European Union finance ministers on Tuesday tried at a summit in Luxembourg to get back to business amid continuing fallout from the crisis surrounding the rejection of the bloc's first-ever constitution.
The EU crisis has buffeted the euro
The EU finance ministers, who have been at pains to ensure that the political fiasco after the French and Dutch rejected the constitution does not take on an economic dimension as well, sought at their two-day meeting to show the EU at work rather than in turmoil.
However, Luxembourg Prime Minister Jean-Claude Juncker, who hosted the ministers meeting, acknowledged that the political crisis having an economic impact.
"It's true that at first sight the current state of Europe doesn't inspire confidence either amongst domestic consumers or foreign investors who are looking at us from afar and are finding it more and more difficult to understand," he told journalists.
But he insisted that the best way to restore confidence was to show business as usual in the run up to a June 16-17 summit of EU leaders in Brussels, which will decide the fate of the beleaguered constitution.
"I think that those who claim to be running Europe, if you run Europe you have to run it properly and use the next two weeks to show both to domestic consumers and those outside the European Union that we are capable of making decisions," he added.

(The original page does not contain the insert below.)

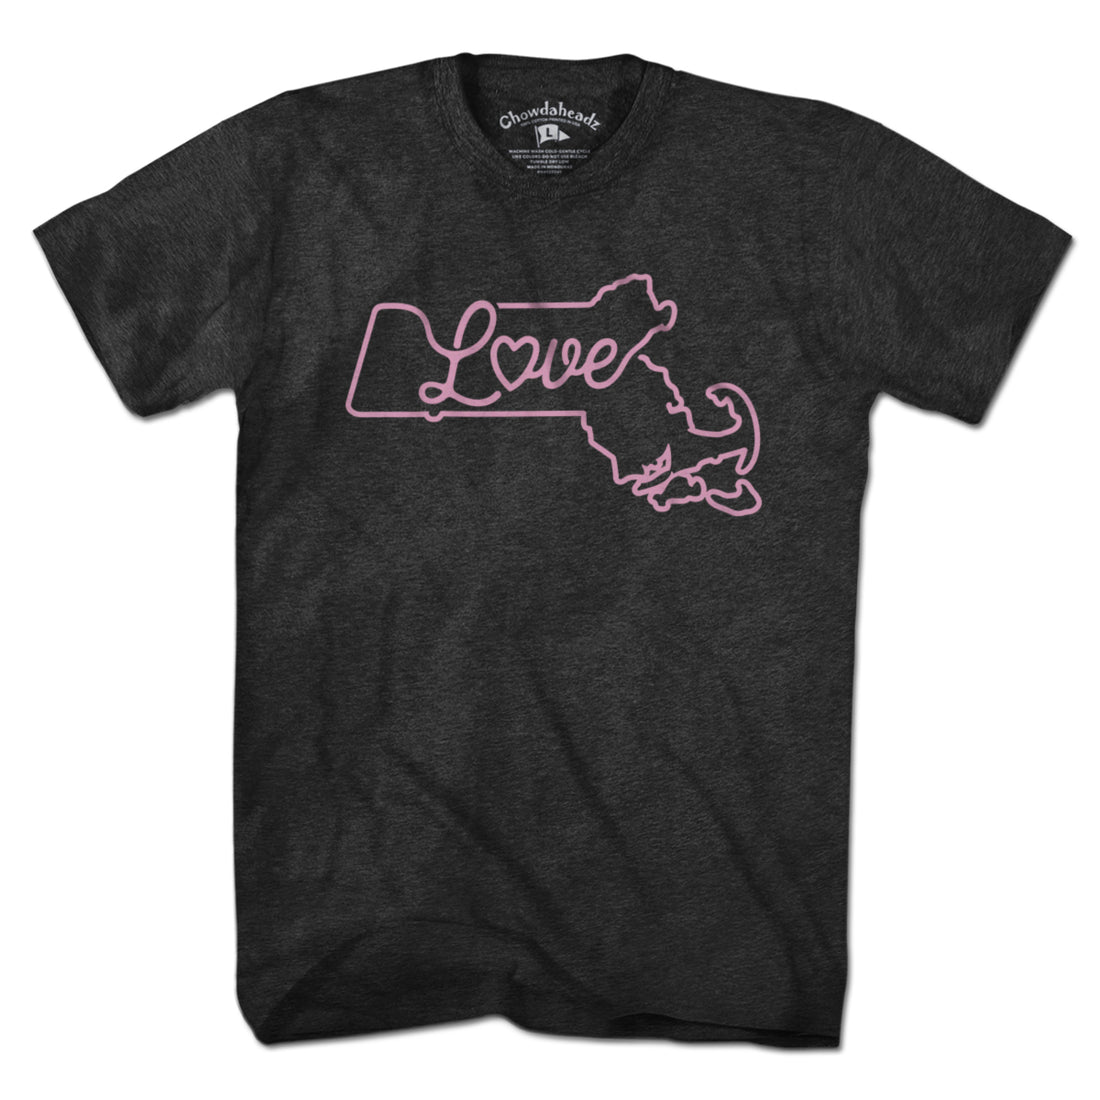 Love Massachusetts Script T-Shirt - Chowdaheadz

He insisted the best way forward would be for member states to strike a deal on the 25-nation's long term budget, which has so far torn deep divisions between them. But although a brief discussion of the budget was officially on the agenda of Tuesday's meeting here, no breakthroughs were expected.
Juncker is meeting regularly with EU leaders in hope of brokering an agreement on the EU budget to be inked at the upcoming summit. However, Britain's refusal to budge on its rebate from contributions to the EU budget has so far held up progress, which is likely to stall for some time if a deal is not struck before London takes over the EU's rotating six-month presidency in July.
Despite the budget impasse, the ministers had a bevy of topics on the table -- ranging from Dutch finances to savings tax and development aid financing -- to keep them busy and give the air of business as usual amid the signs of crisis.
So far, the economic toll of the constitution fiasco has been directed on the euro, after two Italian ministers suggested that Italy would better off with out it. Last week Italian Social Affairs Minister Roberto Maroni -- a member of the euroskeptic Northern League -- suggested Italy should reintroduce the lira.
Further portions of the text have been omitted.